What was your worst job?
I articled for a big law firm (1978) and that was a soul-destroying experience all the way. It’s what landed me in journalism.

Your favourite colour?
I’m looking at my wardrobe. I have to go with black.

What is your idea of perfect happiness?

No health worries.

Of misery?
Yard work.

If not yourself, who or what would you be?
I suppose I would be a musician, but there’s no one in particular I’d want to be. Most of the time, it’s fun being me.

Where would you like to live?

Montreal most of the year, somewhere warm and sunny in the winter.

What is your favourite journey?
Driving to Maine in the summer, with plenty of money and beach ahead of us.
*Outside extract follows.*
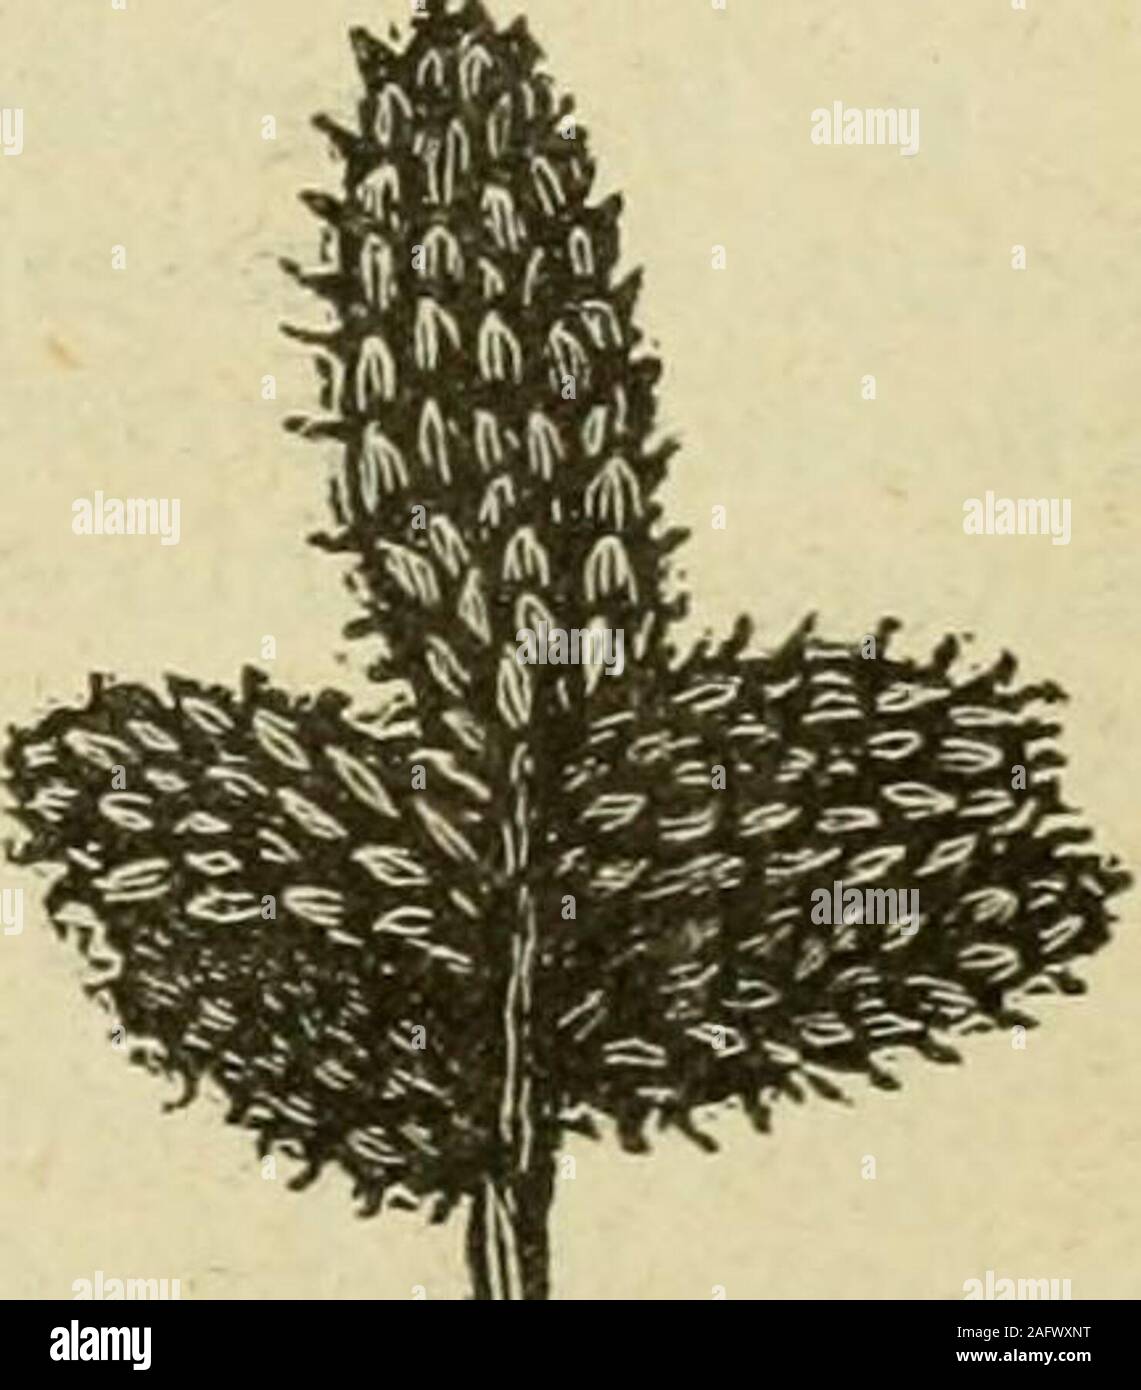 . Flora of Syria, Palestine, and Sinai : from the Taurus to Ras Muhammas and from the Mediterranean sea to the Syrian desert. 315. M. amplcxicaulis, Vahl. © ^Adu. .1 to.3, glaucous; stem at length often induratedbelow, branching from base; branches horizontaland ascending, nodular. Leaves minute, alter-nate, half-globular, clasping, obtuse, with rudi-mentary lamina. Spikes sessile, alternate, ob-long, .005 to .015 long, racemed; flowers con-nate to tip; stamen 1^— May to August — Coastnear Gaza, and southward to Egypt. TerminaLpikes of Halopeplis am-plexicaulis. 11. HAI.OC]^EMUM, M. B. Halocne Stock Photo

What is your favourite or most memorable meal and when is the last time you indulged?
I’m not what you would call a foodie at all. I’m thrilled with a pub burger, a slice of pizza or spaghetti with meat sauce. I do have a weakness for lobster, though, and I try to have that every year when we’re by the ocean. August 2009 would be the last time I did that.

Name the person who influenced you most and how.

That’s a real tough one. I wouldn’t be who I am without parents who supported me at all times. My CEGEP philosophy teacher, Gerry LaValley, opened my mind to a world of ideas and made it all fun. We’re still friends. Stan Asher, also one of my CEGEP teachers, gave me a love of cinema history that I still have. Lester Bangs, or any of the Creem Magazine writers, made me realize how liberating writing about music can be.

Name the film/song/book/art that influenced you most and why?
It’s a cliche for my generation, but the Beatles on the Ed Sullivan Show in February 1964. I was 9. Equally cliched — but totally true — is that the world seemed to switch from black and white to colour that night. If I must go with a film, it would be A Hard Day’s Night, for the same reasons. Its exhilarating and boundless sense of joy pretty much defined the magic of rock n’ roll — and I’m still as infatuated with that as I ever was.

In this or any time, which real-life figure(s) do you most admire?
As a practicing Catholic, I’d say Jesus Christ goes into a category by himself. In contemporary times, Martin Luther King and Barack Obama for their vision and courage. In the entertainment field, I’d pick Paul McCartney, who seems to be a genuine, decent human being, even though his fame is inestimable and his songwriting genius incomparable in popular music, and Bob Dylan, whose life’s work and late-career renaissance have both been inspiring to me.

Who is your favourite fictional hero?
Bugs Bunny.

What fault can you most easily forgive?

Forgetfulness. Maybe because I understand it so well.

What fault can you not forgive?

Meanness and rudeness. And here’s my soapbox moment: I don’t get people who say insulting and hurtful things and try to pass it off as just being frank or “honest.” I also don’t understand people who thrive on confrontation and consider it a sign of strength. I see it as a sign of weakness. Tolerance and compassion take a lot more strength. (Not that I’m the best practitioner of what I preach.)

What is your motto?

Rock and roll is here to stay, it will never die, oh baby (Danny & the Juniors). I also like one popularized by an ancient, forgotten comedy team, Olsen and Johnson. They used to say “May you live as long as you want and may you laugh as long as you live.”

How would you hope to die?
Sitting in front of the stereo, with a just-finished pint at my side and the last track on Rubber Soul fading away. A quick lights-out.

Any questions I should have asked?
Hey, that’s my line! I use it in every interview. But no.

Any last words?
Peace and love.

Admit it. You read those celebrity Q&As and you know you’re easily as worthy of being profiled. I know I do, but my friends are way more interesting. So, with nods to the “confession albums” of the late 1800s  made famous by the fabulous Marcel Proust’s answers, to French TV host Bernard Pivot who adapted the questionnaire, to Inside the Actors Studio host James Lipton who gave it another spin and to Vanity Fair, which uses its own elegantly spun version to anchor the magazine’s back pages, I submit for your entertainment and enlightenment, my own version of the Proust Questionnaire, re-retooled for a blog age.